• TO DO:
Begin at the line that contains "Castello di Loppem" and reproduce it along with every line after it to the end of the listing; skip any pictures.

• DATASET CONTENT:
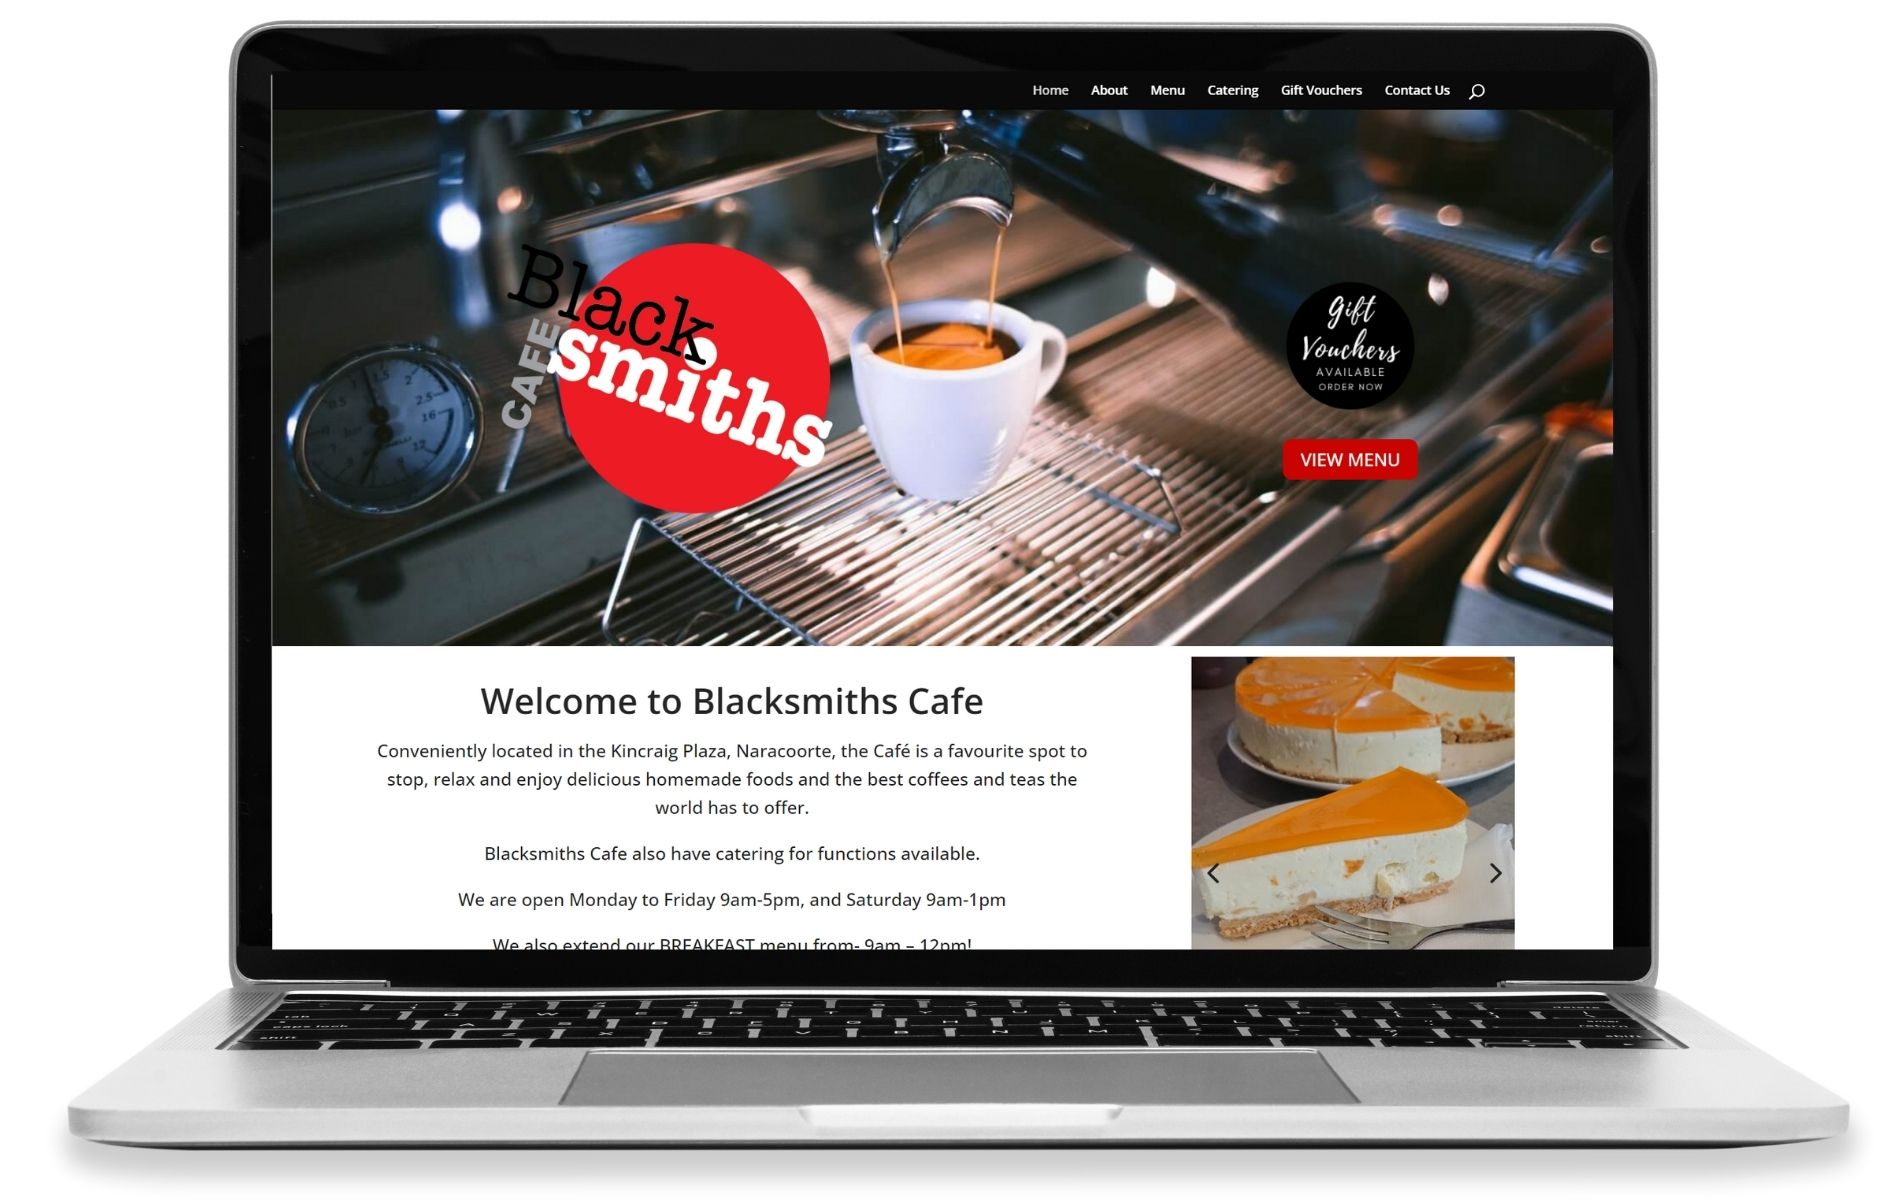 Blacksmiths-Gusto-Marketing
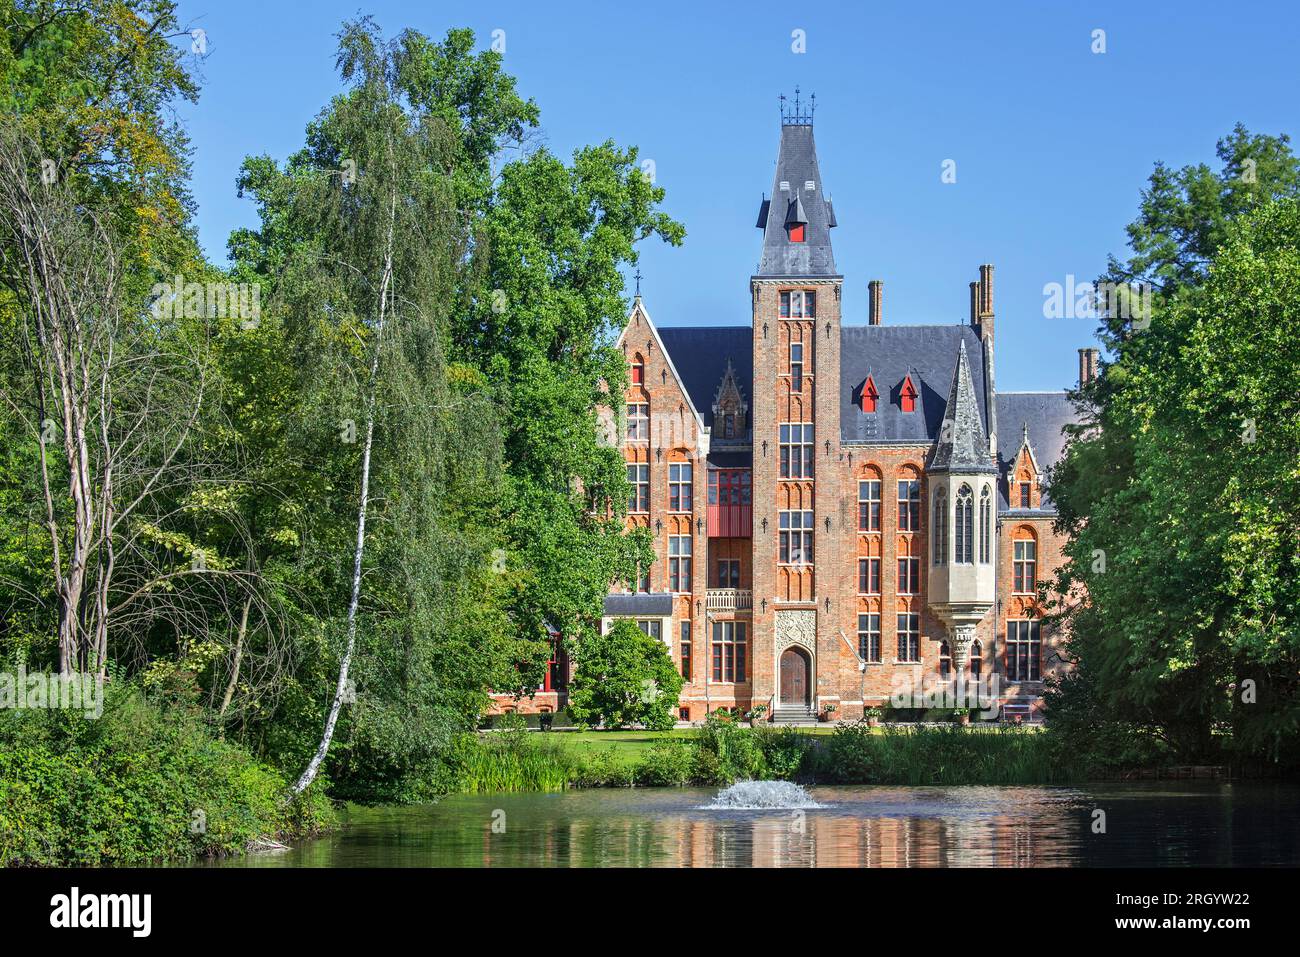 Castello di Loppem / Kasteel van Loppem in estate, rievocazione gotica del XIX secolo / residenza neogotica a Zedelgem vicino a Bruges nelle Fiandre occidentali, Belgio Foto Stock
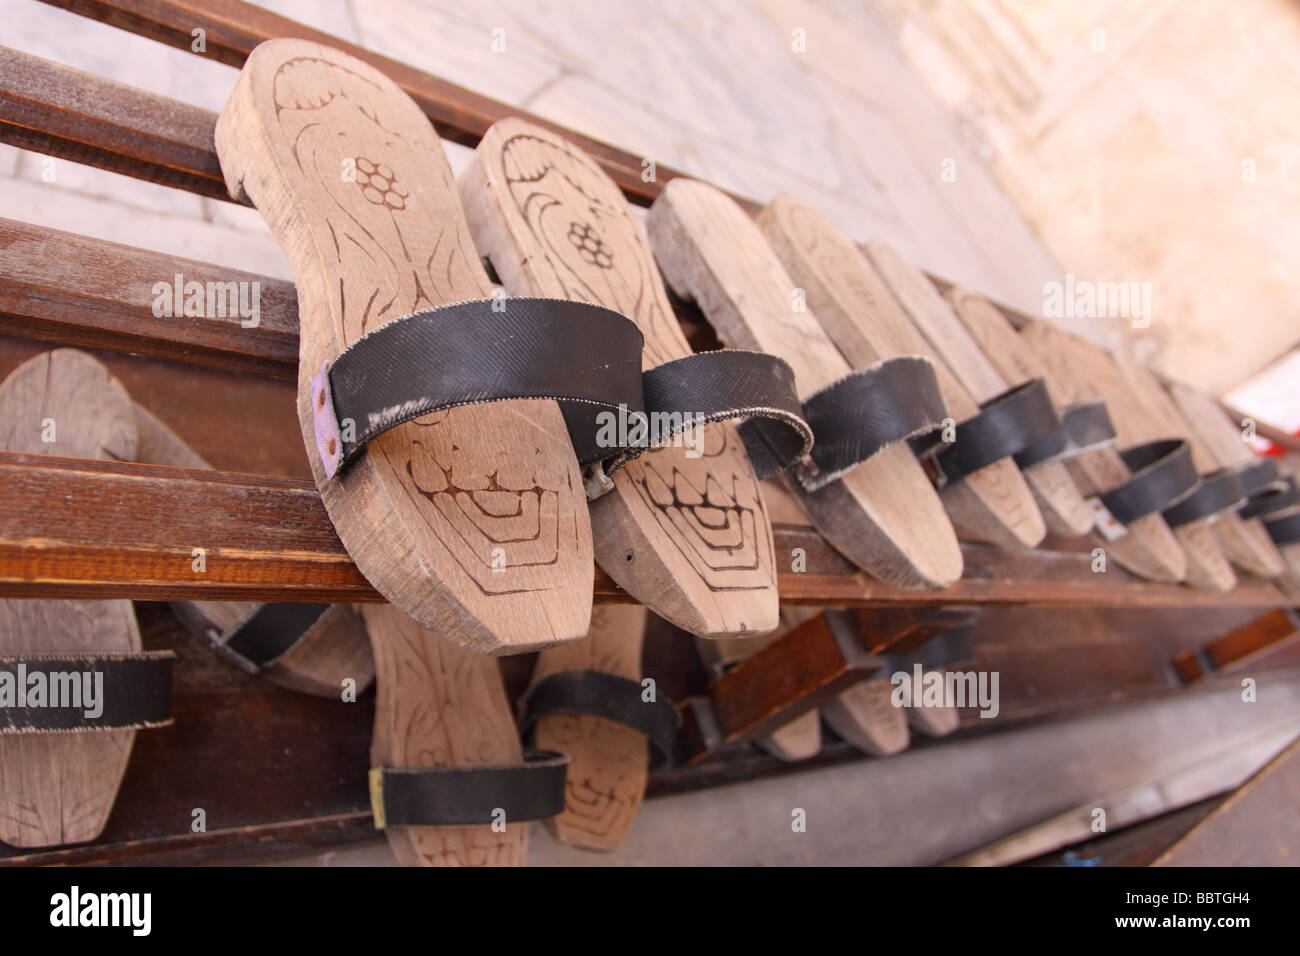 Istanbul Turchia sandels in legno fuori l'ingresso ad una moschea Foto Stock

• RESULT FOR THIS TASK:
 Castello di Loppem / Kasteel van Loppem in estate, rievocazione gotica del XIX secolo / residenza neogotica a Zedelgem vicino a Bruges nelle Fiandre occidentali, Belgio Foto Stock
 Istanbul Turchia sandels in legno fuori l'ingresso ad una moschea Foto Stock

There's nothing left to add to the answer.